Top of Recorded data

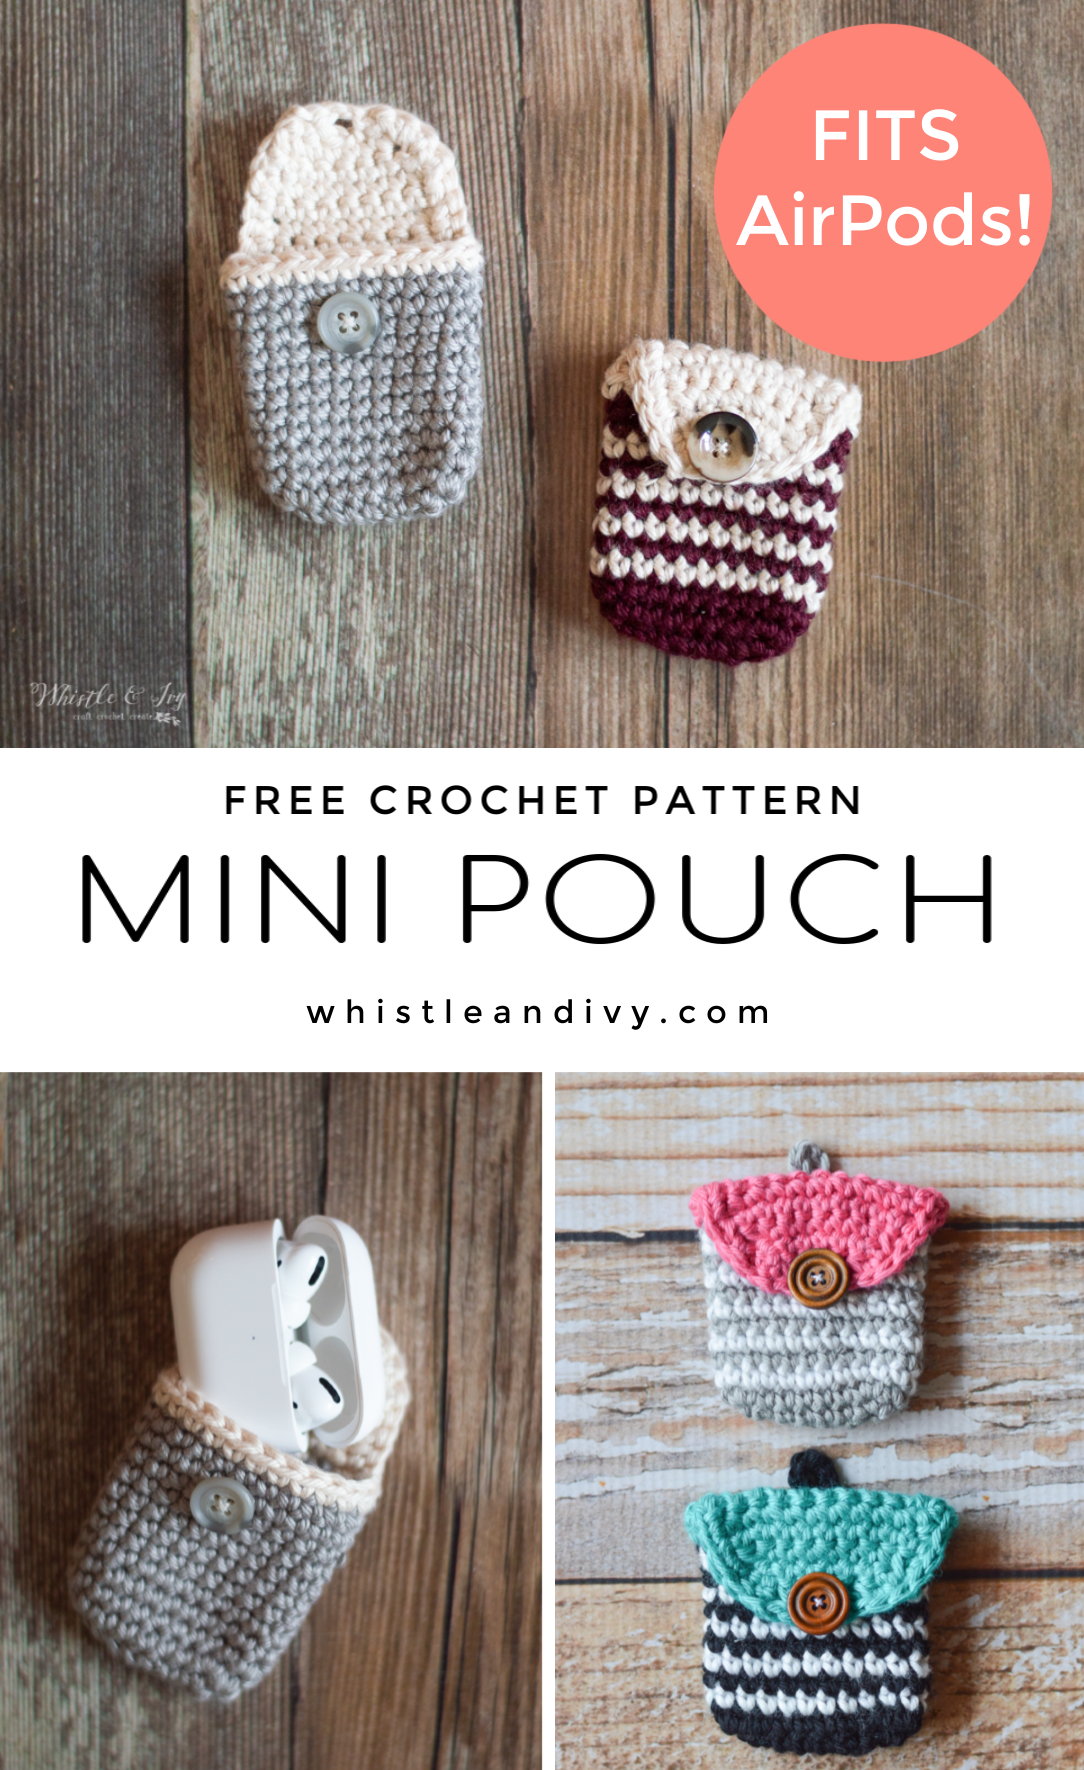 Crochet Coin Pouch/Crochet AirPods Pouch – Free Crochet Pattern
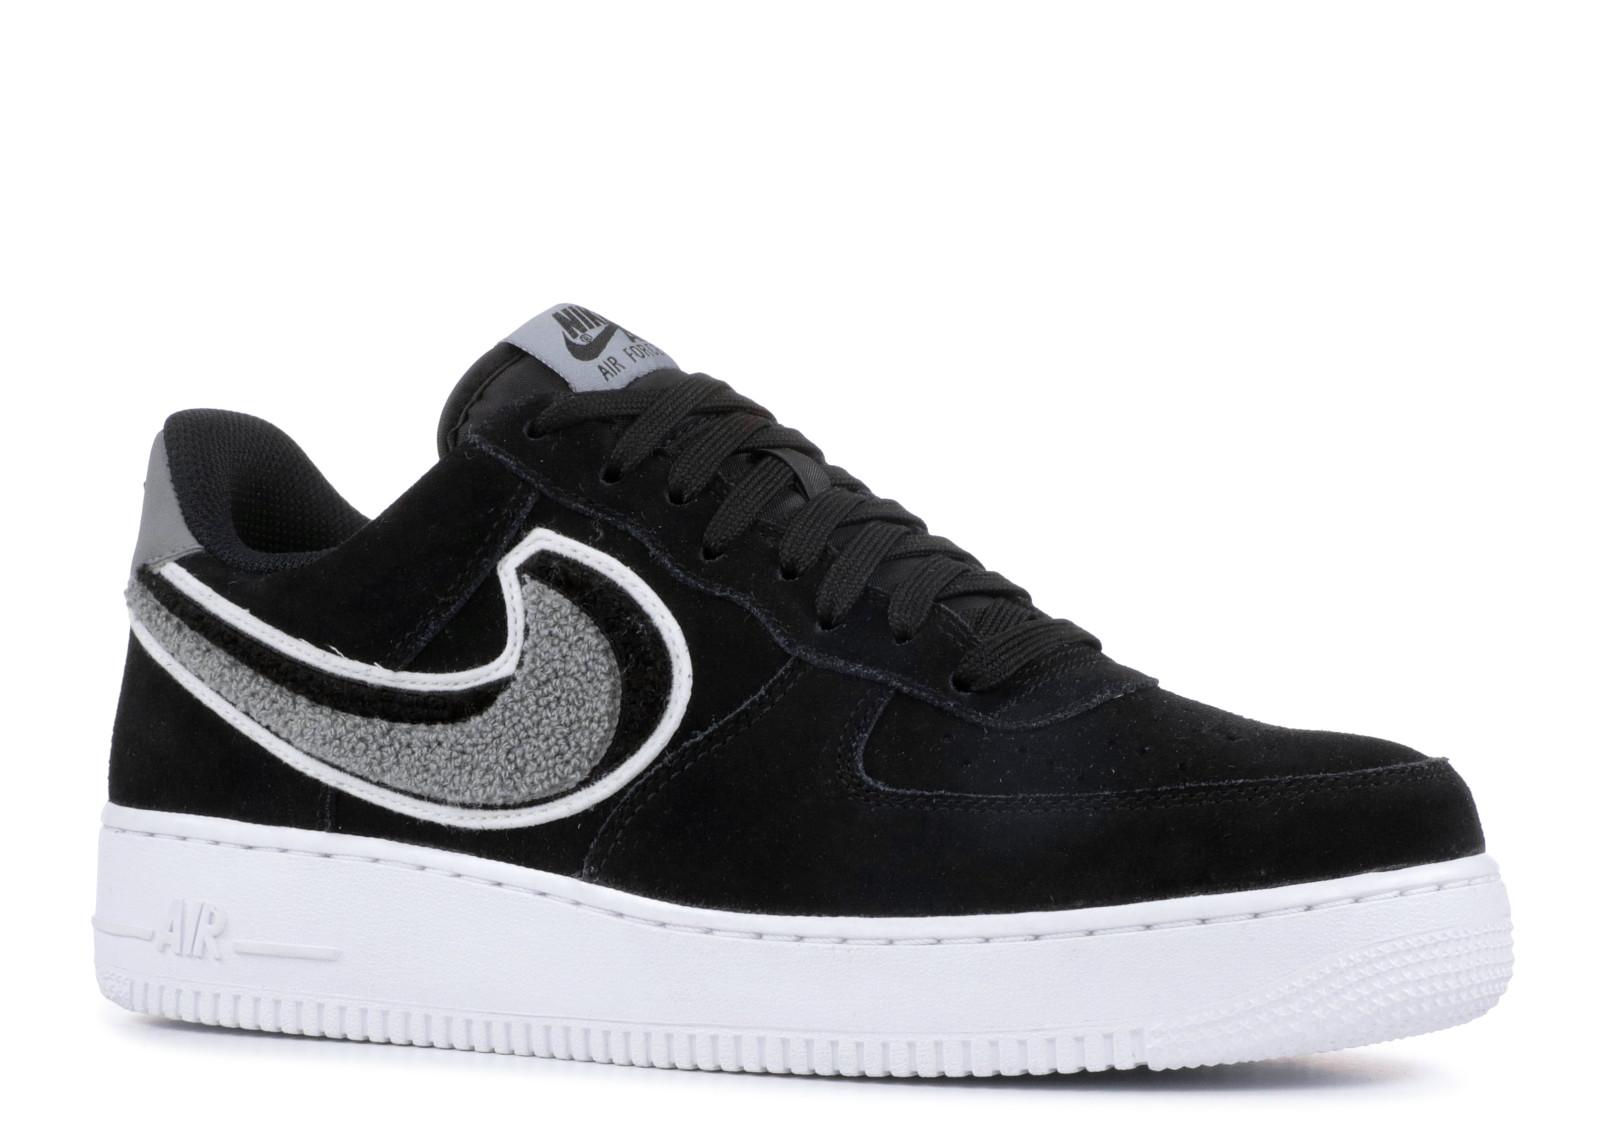 5e9cf2a9e9 Nike Air Force 1 Low 3D Chenille Swoosh Black Cool Grey - 1
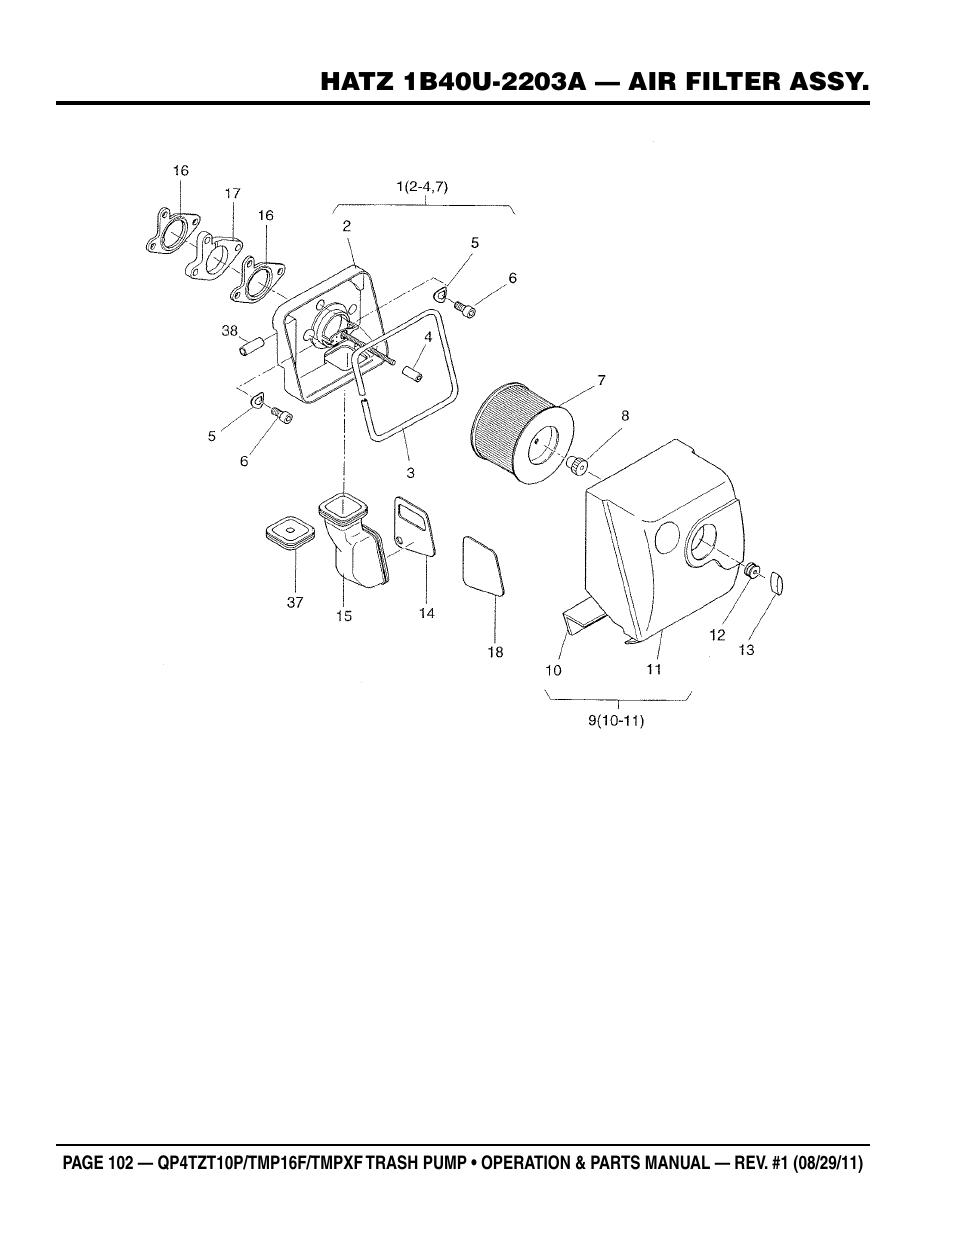 Multiquip Trash Pump Hatz 1b40u 2203a Diesel Engine Qp4tzt10p User Diagram Manual Page 102 118 Also For

Bottom of Recorded data

Make an exact copy of the data, leaving its pictures out.

 Crochet Coin Pouch/Crochet AirPods Pouch – Free Crochet Pattern
 5e9cf2a9e9 Nike Air Force 1 Low 3D Chenille Swoosh Black Cool Grey - 1
 Multiquip Trash Pump Hatz 1b40u 2203a Diesel Engine Qp4tzt10p User Diagram Manual Page 102 118 Also For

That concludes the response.